On Thursday, the jailed leader of the Kurdistan Workers’ party (PKK) called on his organisation to lay down their arms and dissolve themselves. If they comply, this would put an end to a decades-long conflict with the Turkish state that has claimed the lives of over 40,000 people. The statement was delivered in a crowded press conference in Istanbul by members of the pro-Kurdish Peoples’ Equality and Democracy party (DEM).
The call appeared to be more or less unconditional. One of the speakers at the end of the conference added that ‘in practice, of course, the laying down of arms and the PKK’s self-dissolution require the recognition of democratic politics and the legal dimension.’ But it appeared more of an afterthought than a condition carved in stone.

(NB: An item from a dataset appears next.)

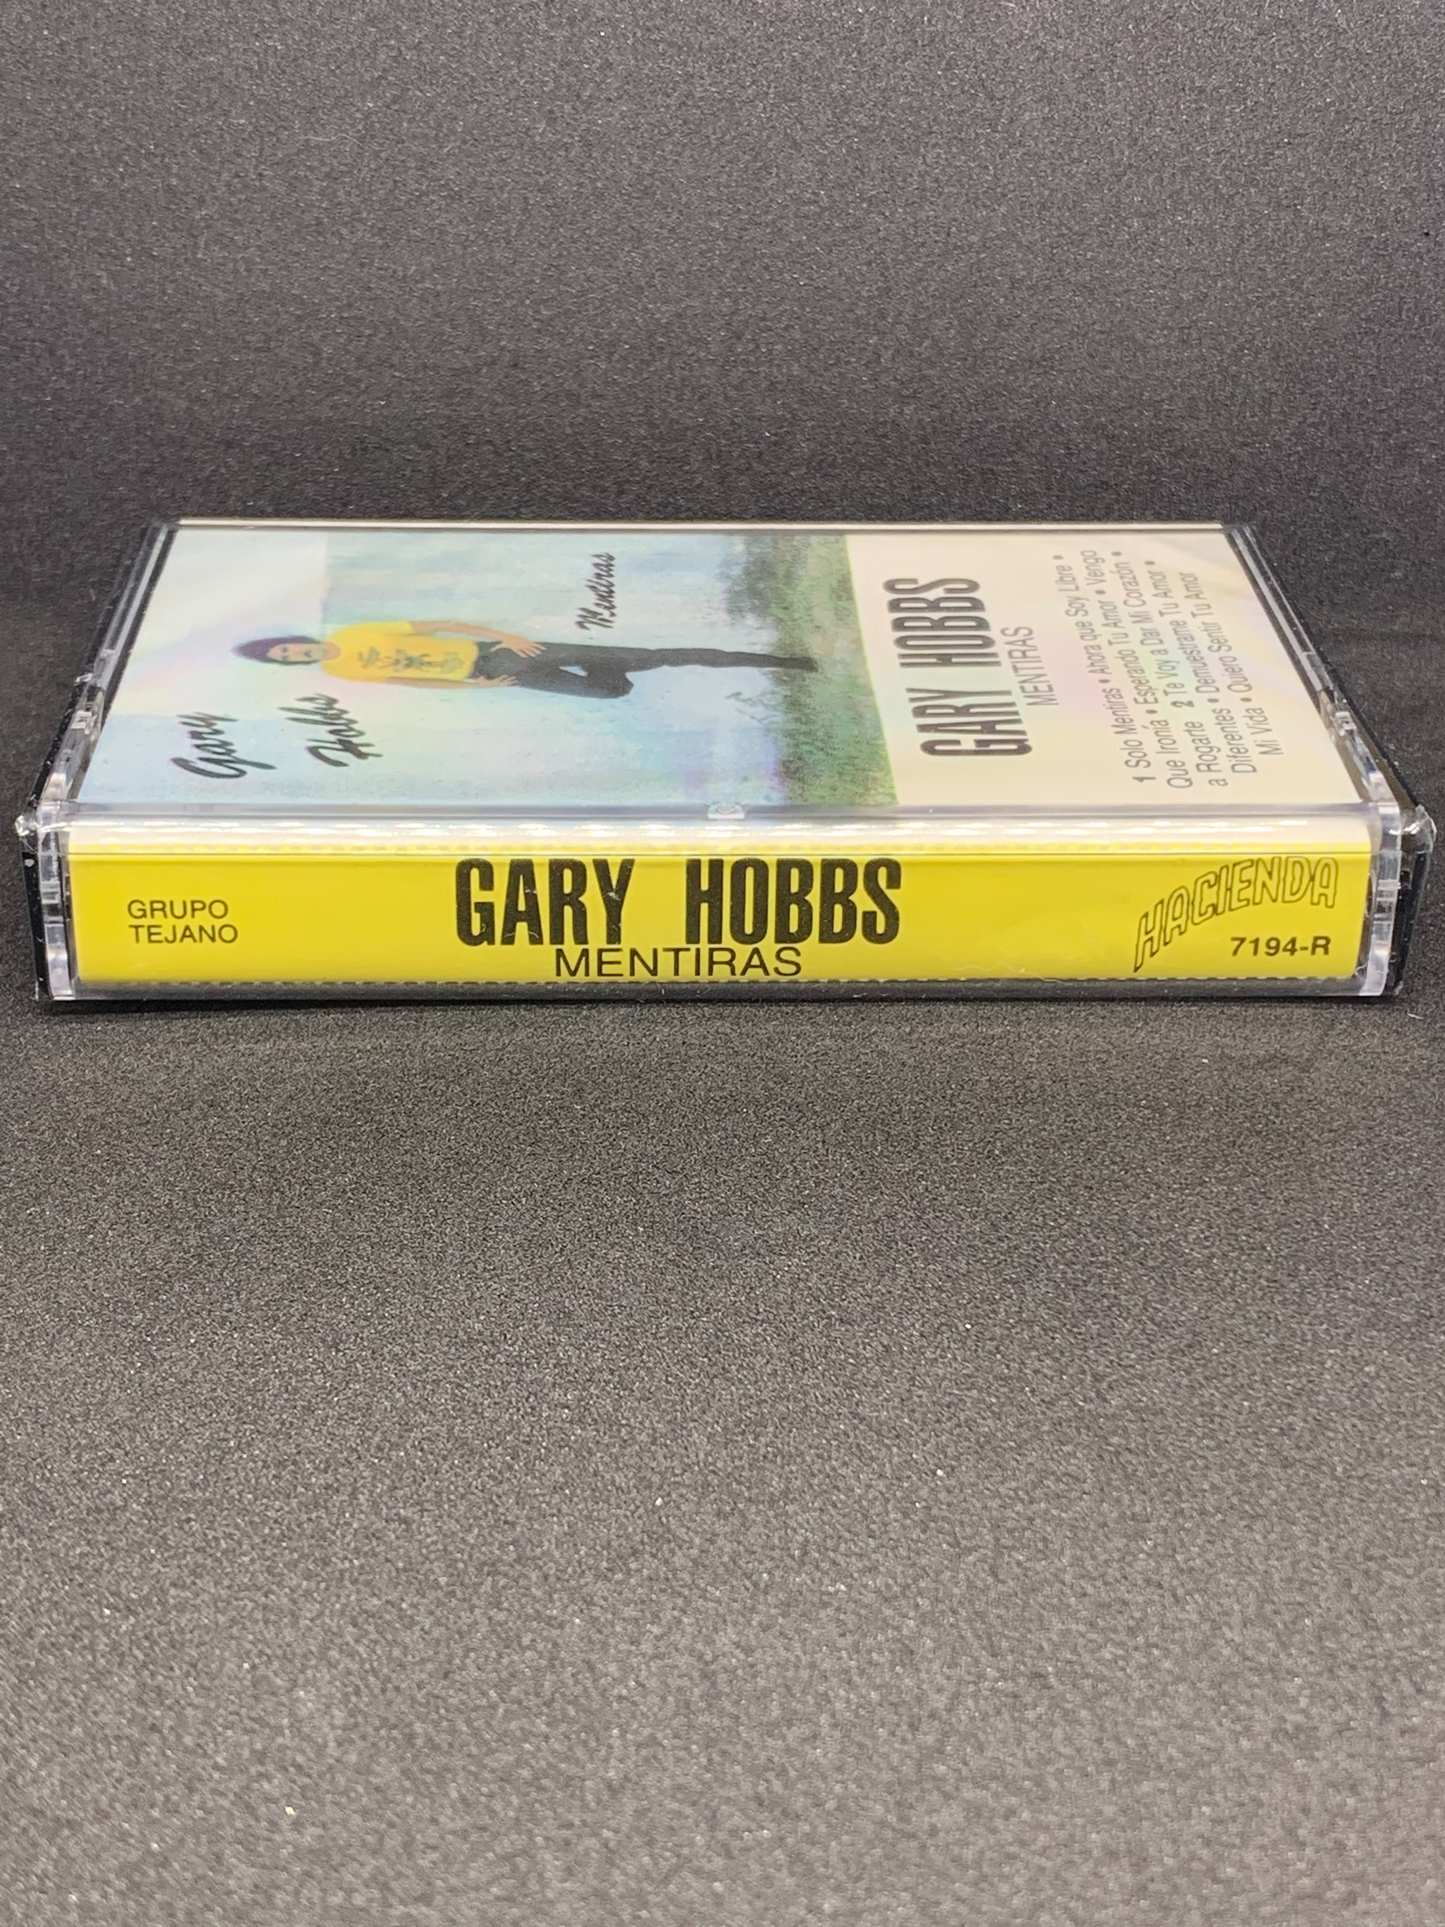 Gary Hobbs - Mentiras (Cassette)

The pressure on the opposition is not limited to the Kurdish movement
Outside, Turkish security forces were on high alert. Armed and riot police were stationed in large numbers in multiple locations in the city centre. Multiple helicopters were circling in the sky.
The Kurds, numbering around 15 million, are the second largest ethnic group in Turkey. The PKK was founded by Ocalan in the late 1970s as a reaction to the repression of Kurdish rights by the Turkish state. In the ensuing decades, they waged a bloody guerilla uprising in the mountains of the Kurdish-majority southeast and also in cities across the country. Ocalan was eventually captured and jailed on an island near Istanbul in 1999, but his organisation carried on the struggle not just in Turkey but also in Syria, Iraq, and Iran. The UK, EU, and US all recognise the PKK as a terrorist organisation.

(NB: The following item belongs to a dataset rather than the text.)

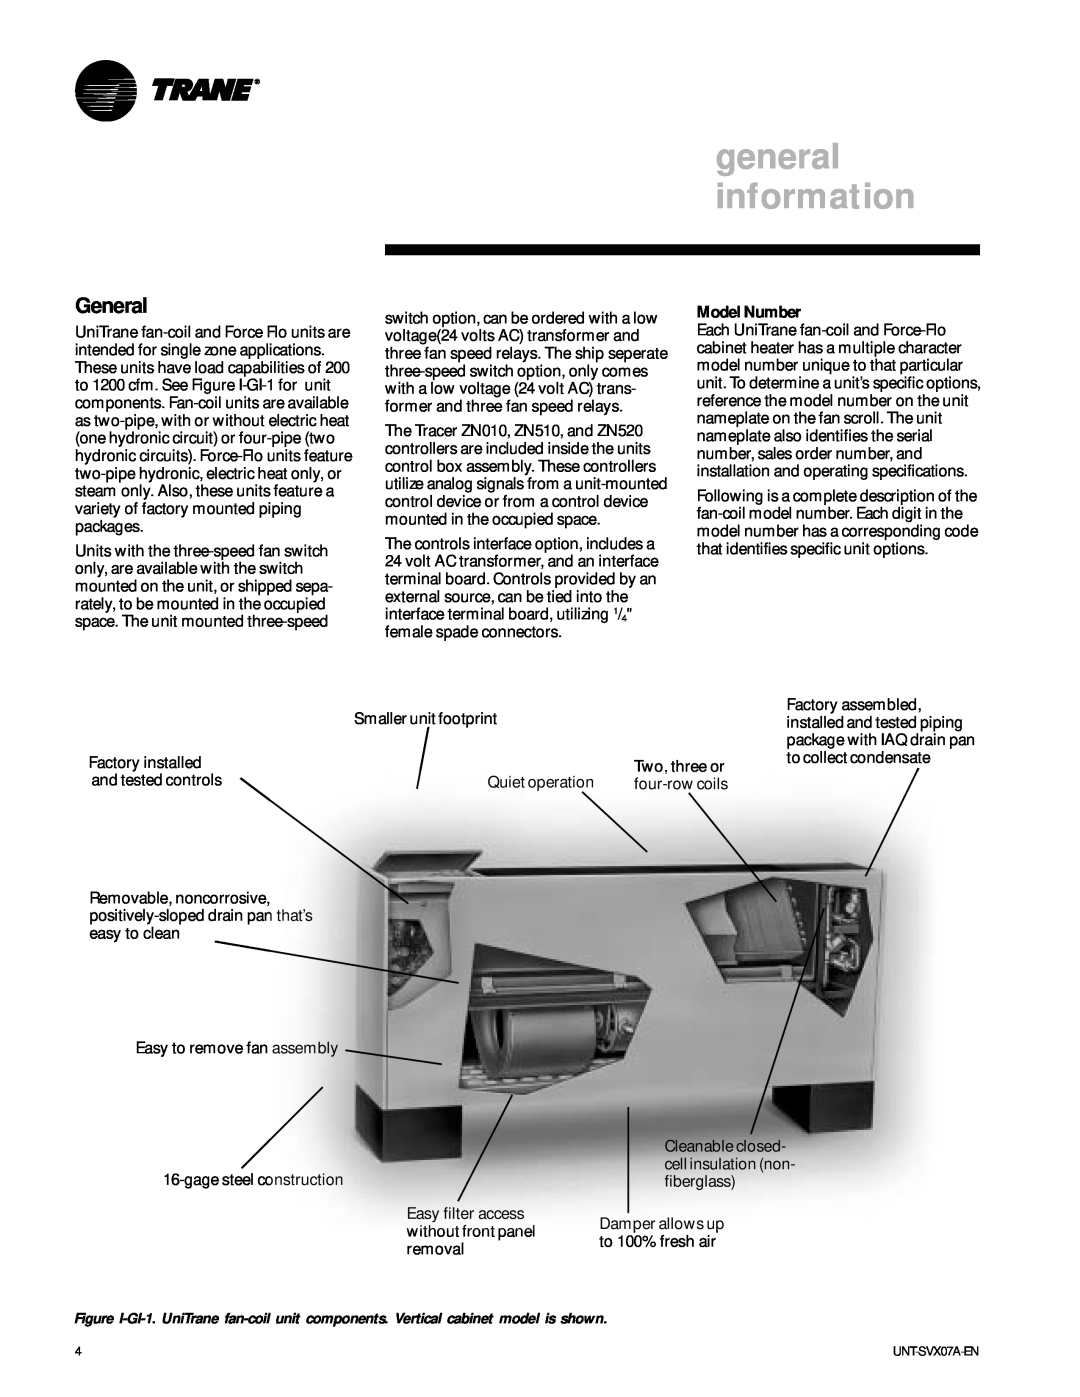 Trane UNT-SVX07A-EN, UniTrane Fan-Coil & Force Flo Air Conditioners manual General, general information, Model Number

‘Hearing it was like a cold shower,’ said a Kurdish man who is active in the movement but preferred not to be named. ‘Ocalan knows what he is doing. I don’t think the organisation [PKK] will just surrender without changes on the constitutional level. It is impossible.’ It is rare for Kurds to talk openly about the PKK in public, as the slightest expression of sympathy can result in the police kicking down the door the next morning.

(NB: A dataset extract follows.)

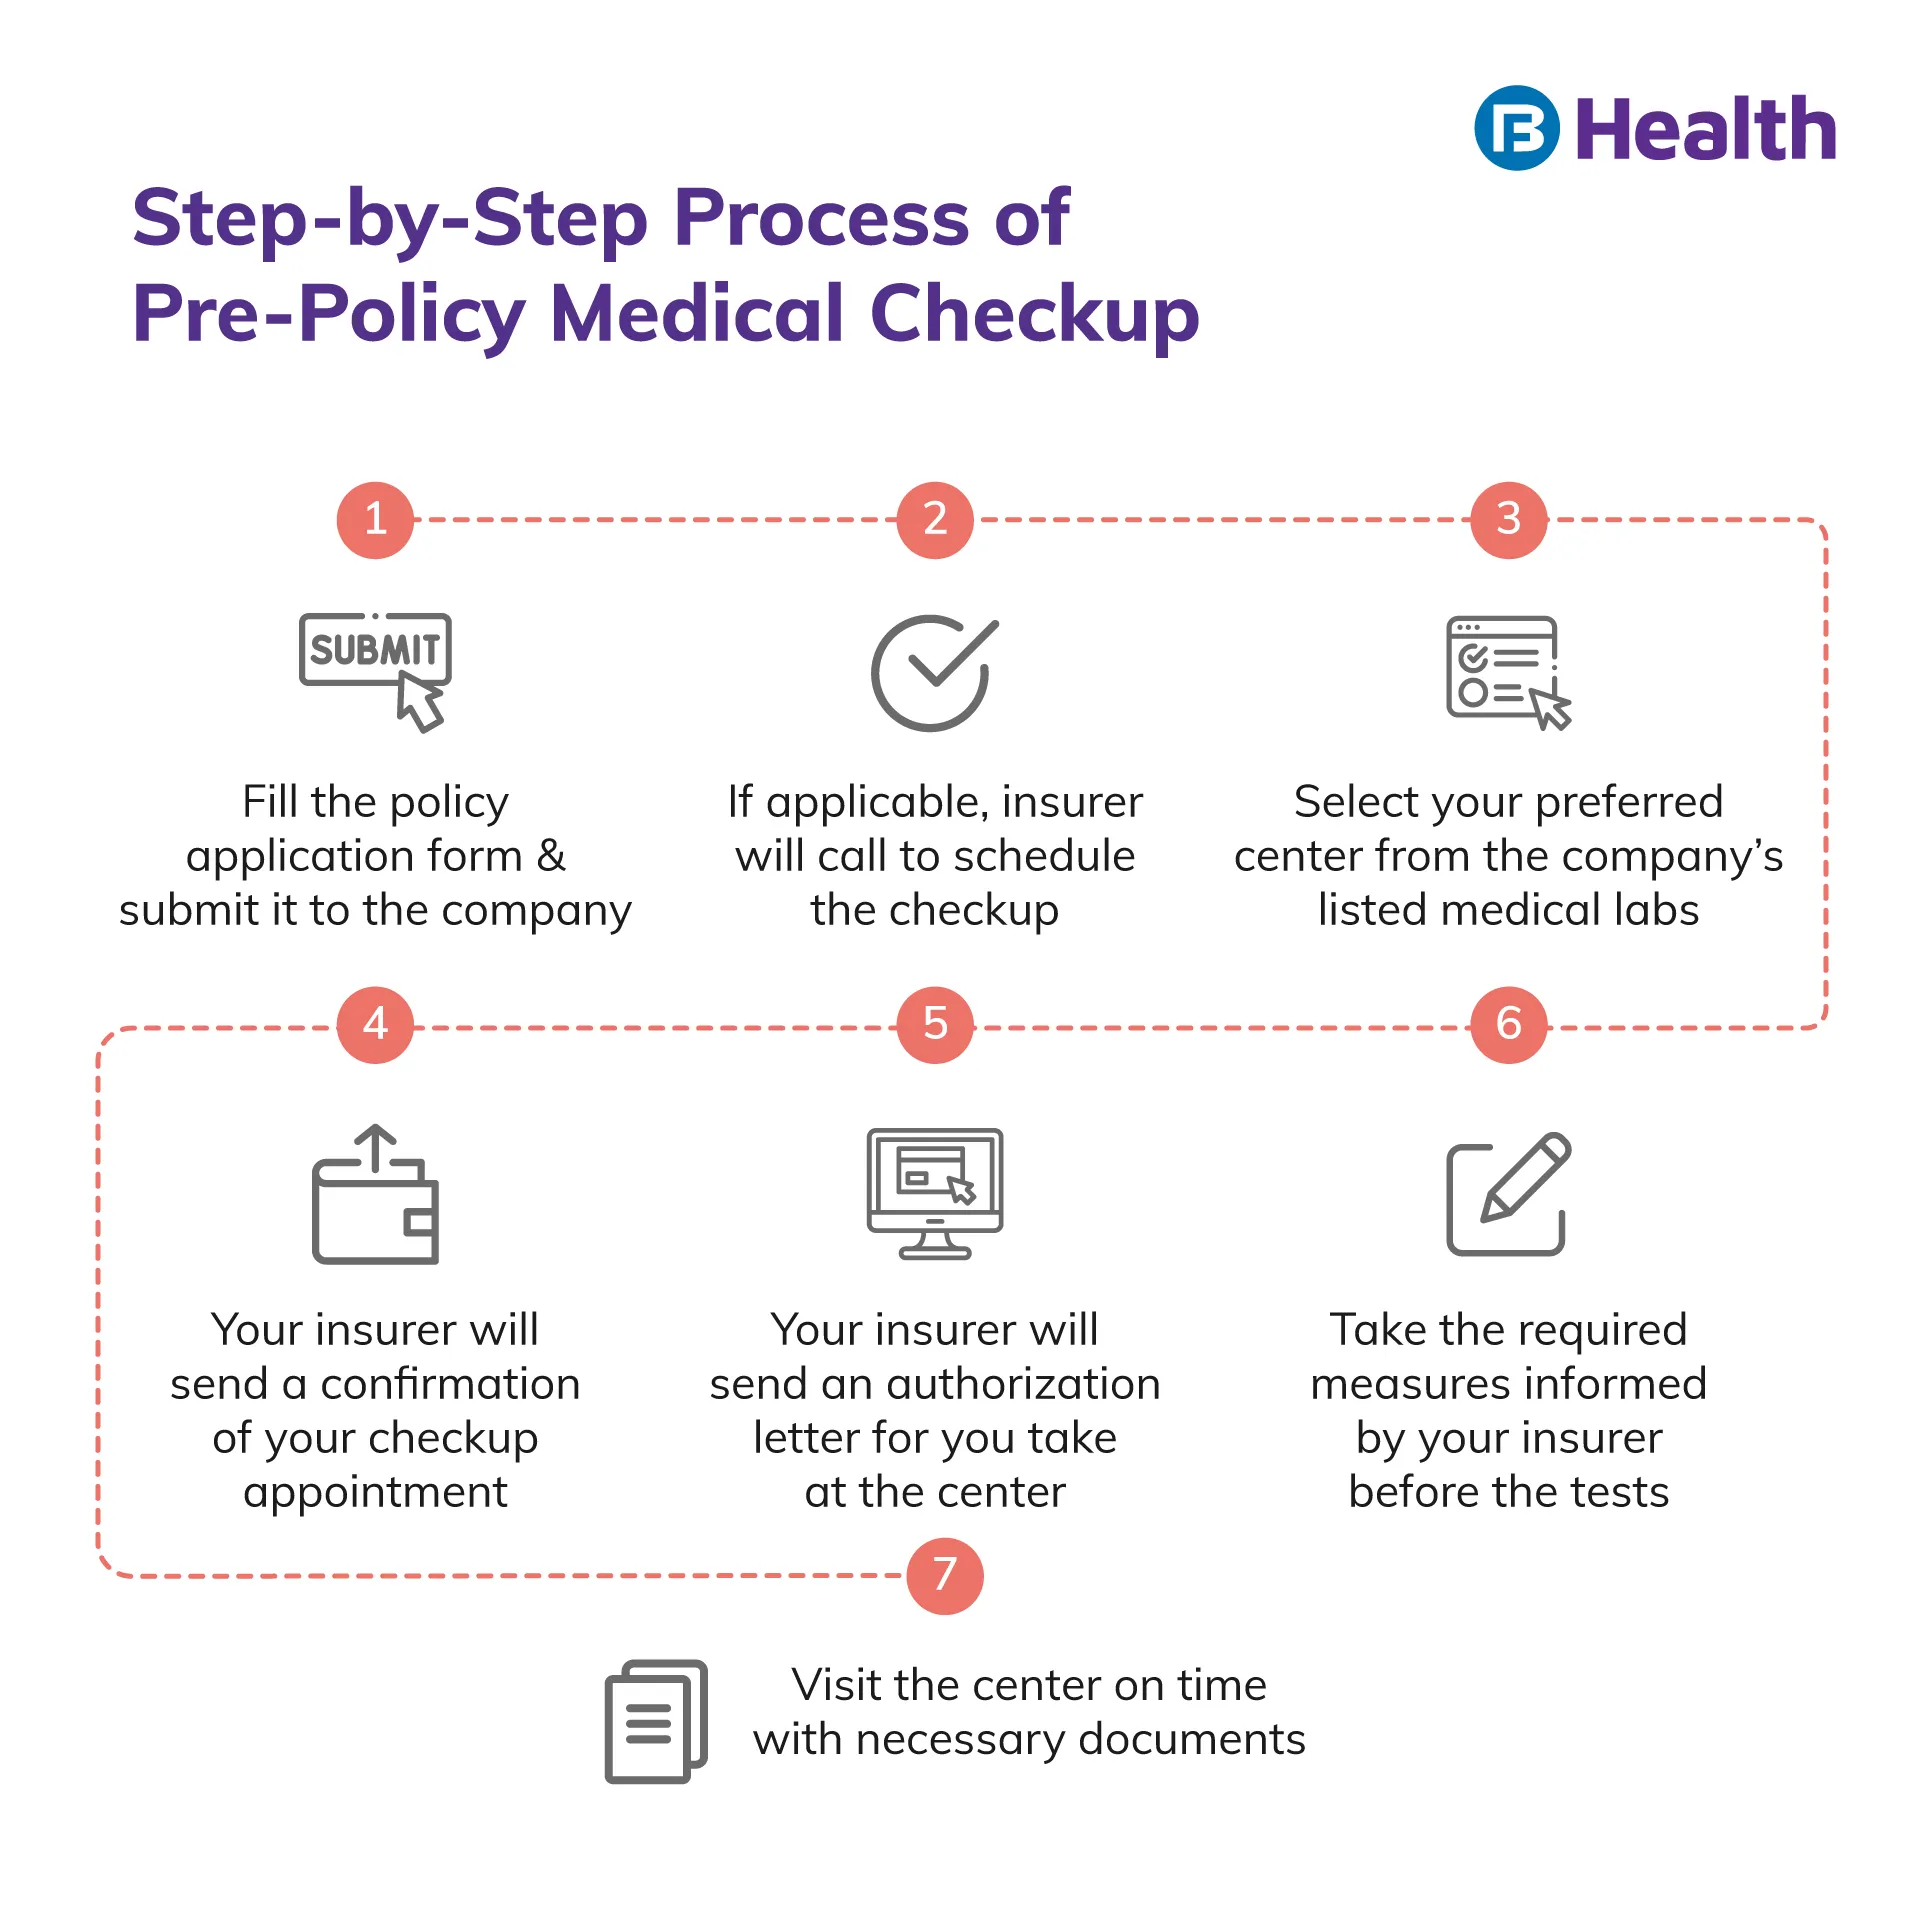 steps for Pre-policy Medical Checkup

The emphasis in Ocalan’s letter on this being the age of democracy and freedom of expression was rather confusing, to say the least. The DEM politician reading out the letter, Ahmet Turk, was forcibly removed from the mayorship of a large town last year after three consecutive local elections. Several of the former leaders of DEM are currently serving lengthy prison sentences. While the government holds direct negotiations with PKK leaders, journalists who dare to interview them are regularly put on trial for ‘spreading terrorist propaganda’.
The pressure on the opposition is not limited to the Kurdish movement. In recent months, President Erdogan’s government has been engaged in a crackdown on dissent with an intensity not seen in years. The leader of the anti-immigration Victory party, Umit Ozdag, is currently in prison. The mayor of Istanbul, Ekrem Imamoglu, who is President Erdogan’s biggest and most popular challenger, is facing multiple trials that could lead to several years in prison and a ban from politics.
The biggest question of all is whether the PKK leadership and its rank and file will follow the call to lay down their arms. Though Ocalan has been in solitary confinement since 1999, he still enjoys a strong personality cult in the Kurdish movement. Their political rallies are filled with his portraits and speeches full of his quotes. What few of his followers seem to be asking is how Ocalan’s mental state is after 26 years of solitary confinement on an island.
There are several other pressing questions that remain to be answered. If anything, what will the radical Kurdish movement get in return for laying down their arms? Will fighters in the mountains and activists in prison get amnesty? What will happen to the PKK-linked Syrian Democratic Forces (SDF) who control around a third of Syria, including most of its oilfields? While the US lists the PKK as a terrorist organisation, they actively support the SDF in Syria, who were their key partners in defeating the Islamic State. The coming weeks will bring some clarity on these questions.